▸ **GIVEN RECORDS**:
* * * * *

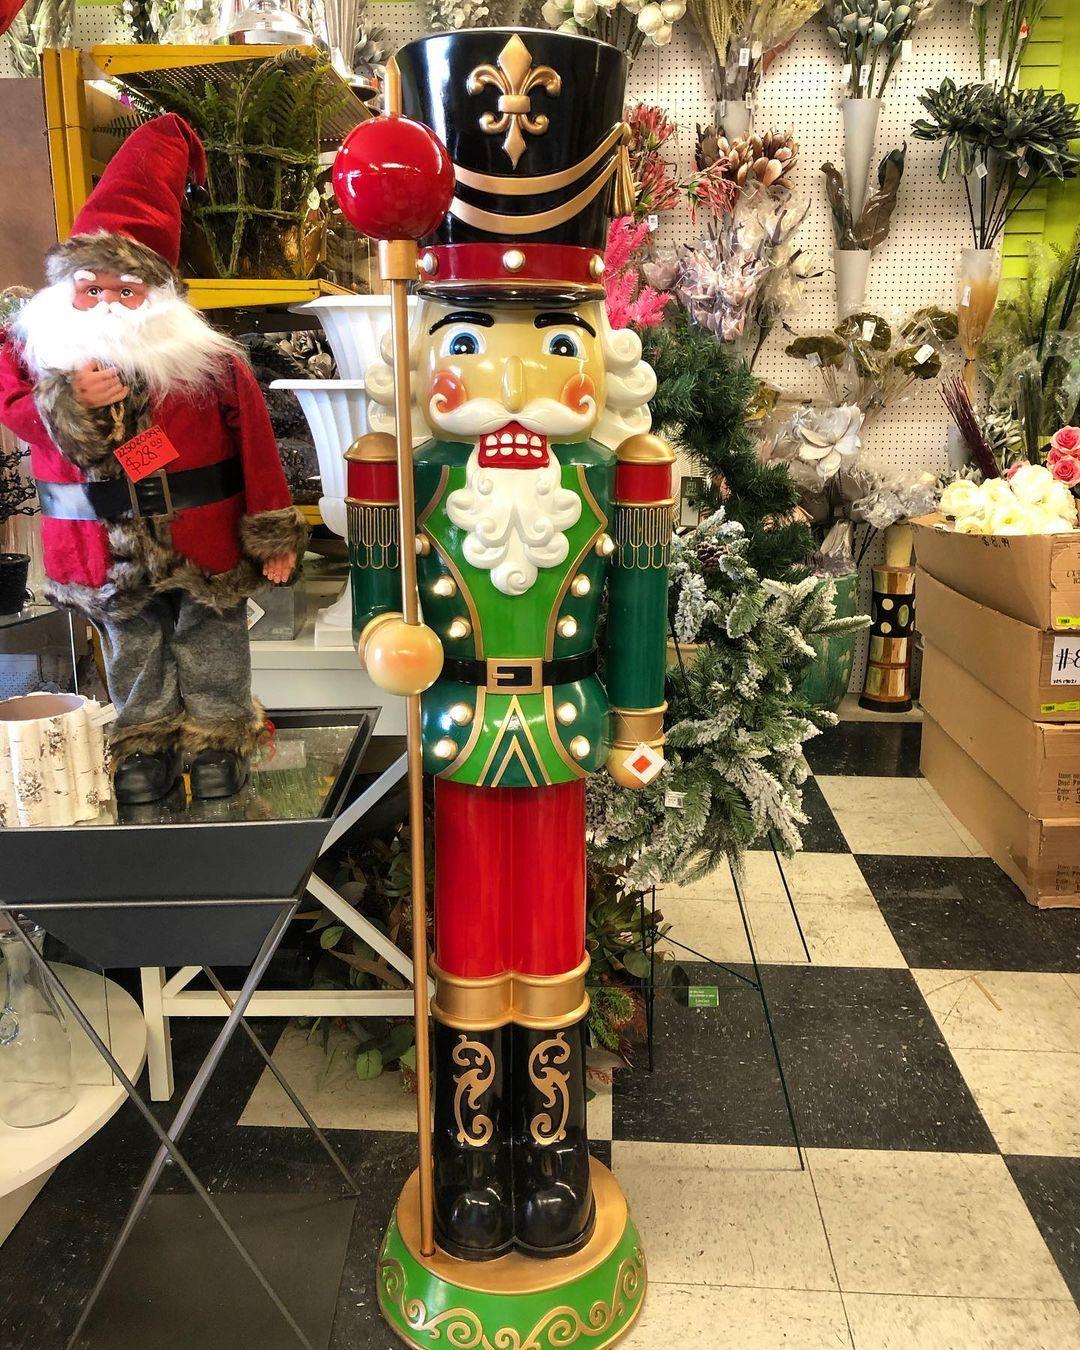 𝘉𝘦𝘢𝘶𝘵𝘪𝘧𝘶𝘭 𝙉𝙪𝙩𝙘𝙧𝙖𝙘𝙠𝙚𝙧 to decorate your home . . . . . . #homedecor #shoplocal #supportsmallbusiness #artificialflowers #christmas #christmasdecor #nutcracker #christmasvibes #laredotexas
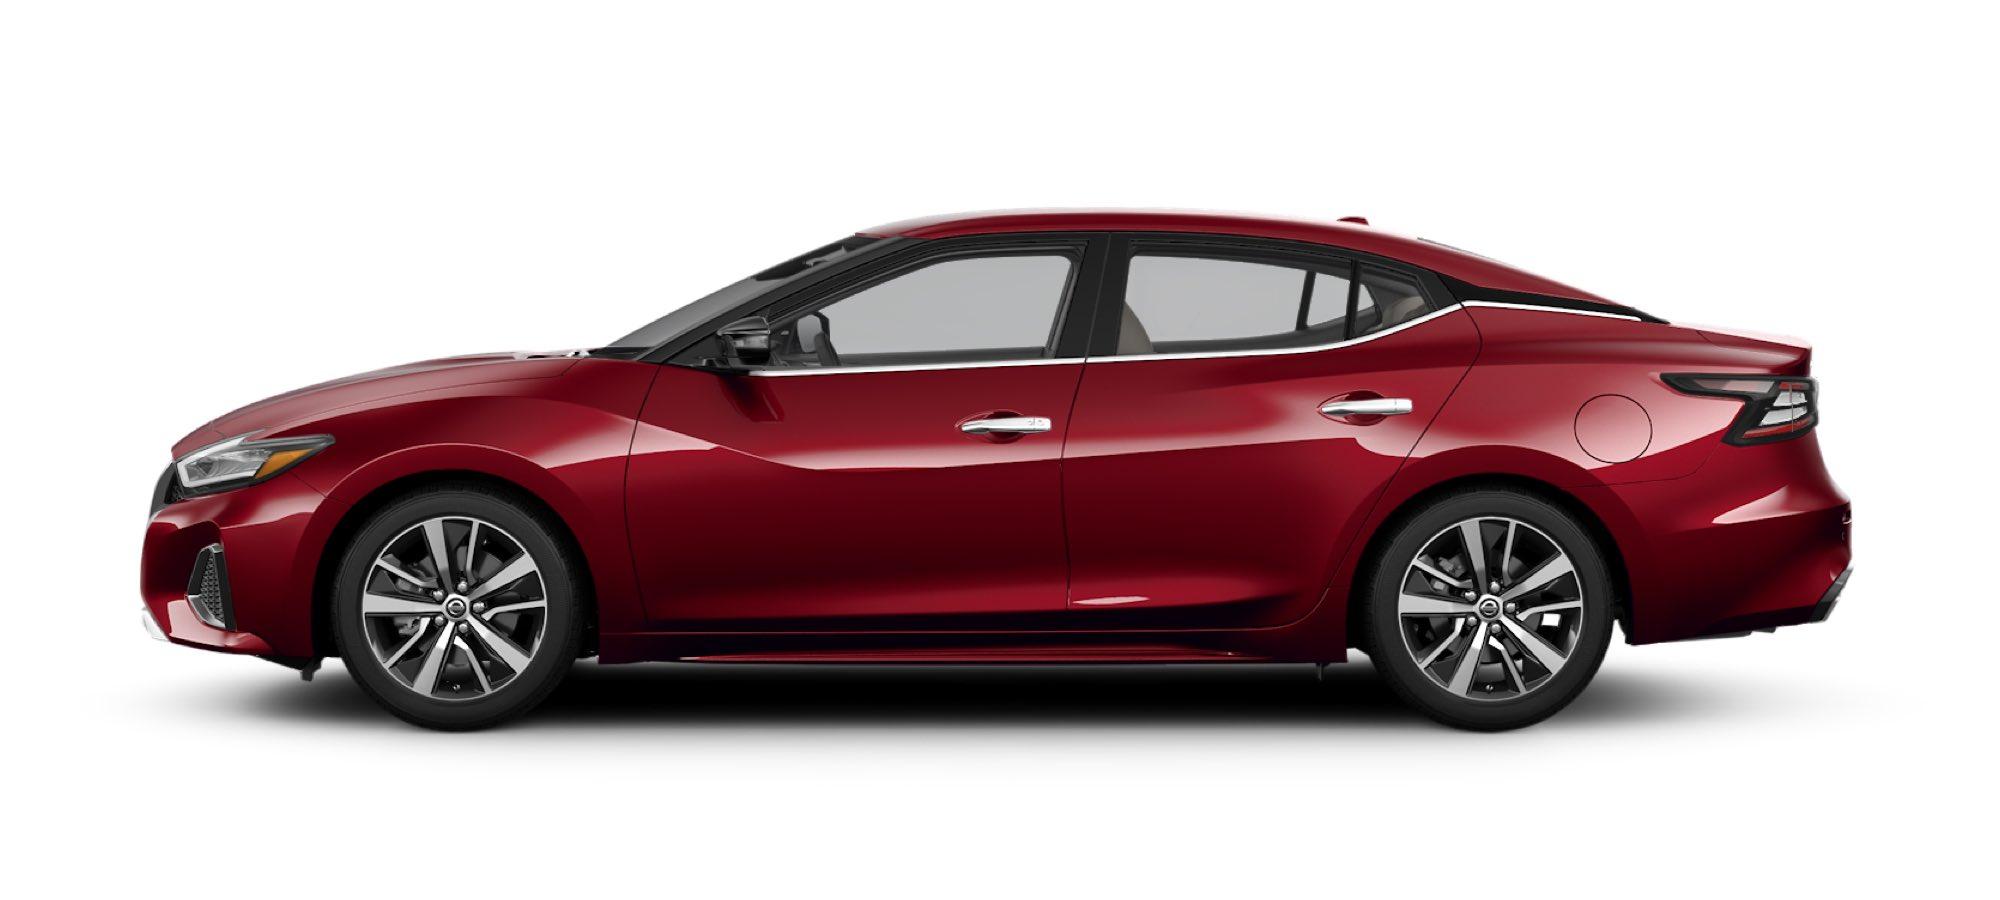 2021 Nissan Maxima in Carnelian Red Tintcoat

* * * * *

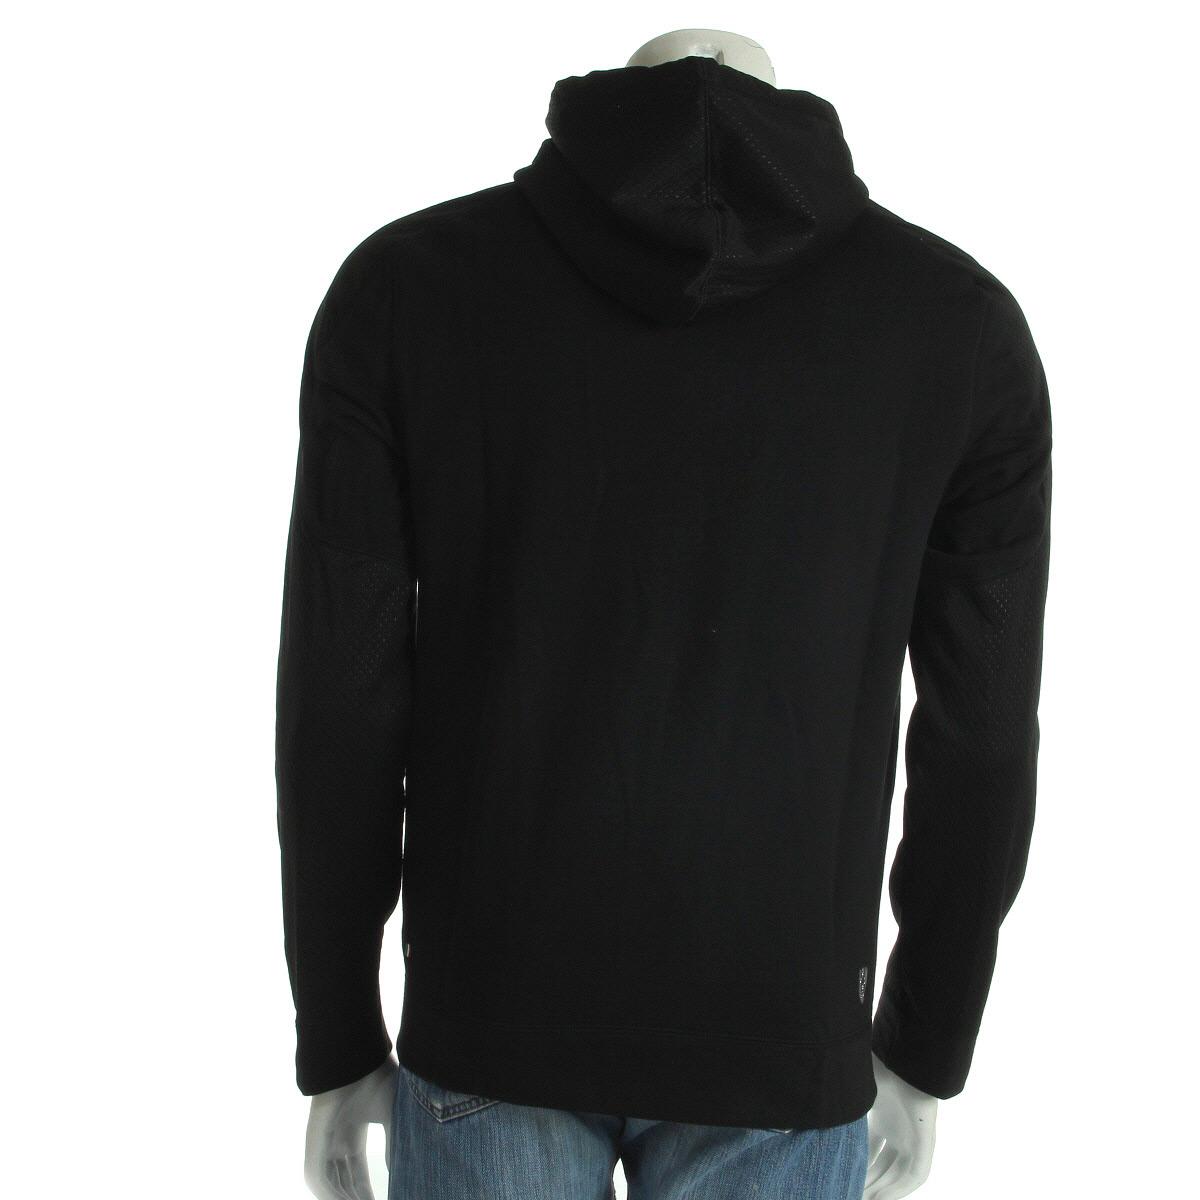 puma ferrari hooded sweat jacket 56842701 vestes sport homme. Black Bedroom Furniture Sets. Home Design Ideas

* * * * *

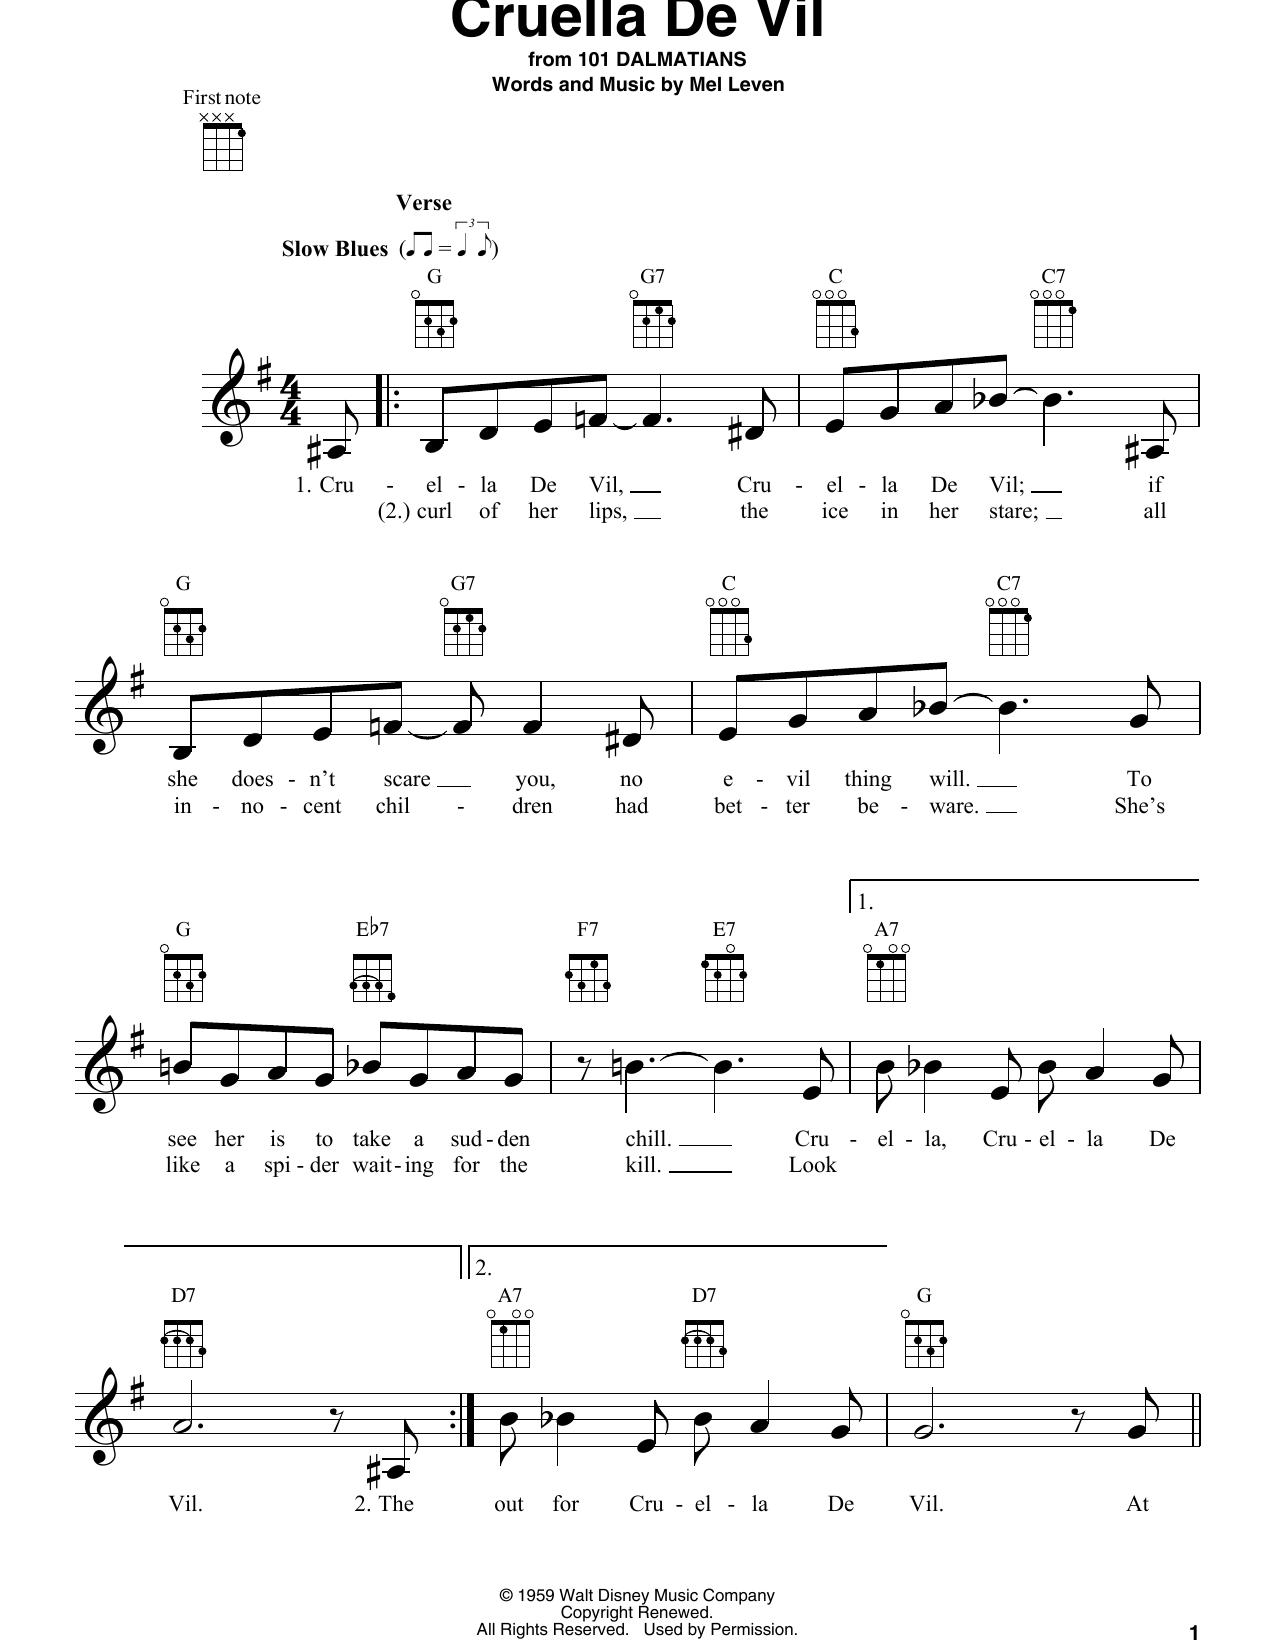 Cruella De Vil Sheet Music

* * * * *

Within these entries, output exactly the lines starting at the one with "𝘉𝘦𝘢𝘶𝘵𝘪𝘧𝘶𝘭 𝙉𝙪𝙩𝙘𝙧𝙖𝙘𝙠𝙚𝙧 to" and finishing at the one with "2021 Nissan Maxima in Carnelian Red Tintcoat". Leave pictures out of the output.

 𝘉𝘦𝘢𝘶𝘵𝘪𝘧𝘶𝘭 𝙉𝙪𝙩𝙘𝙧𝙖𝙘𝙠𝙚𝙧 to decorate your home . . . . . . #homedecor #shoplocal #supportsmallbusiness #artificialflowers #christmas #christmasdecor #nutcracker #christmasvibes #laredotexas
 2021 Nissan Maxima in Carnelian Red Tintcoat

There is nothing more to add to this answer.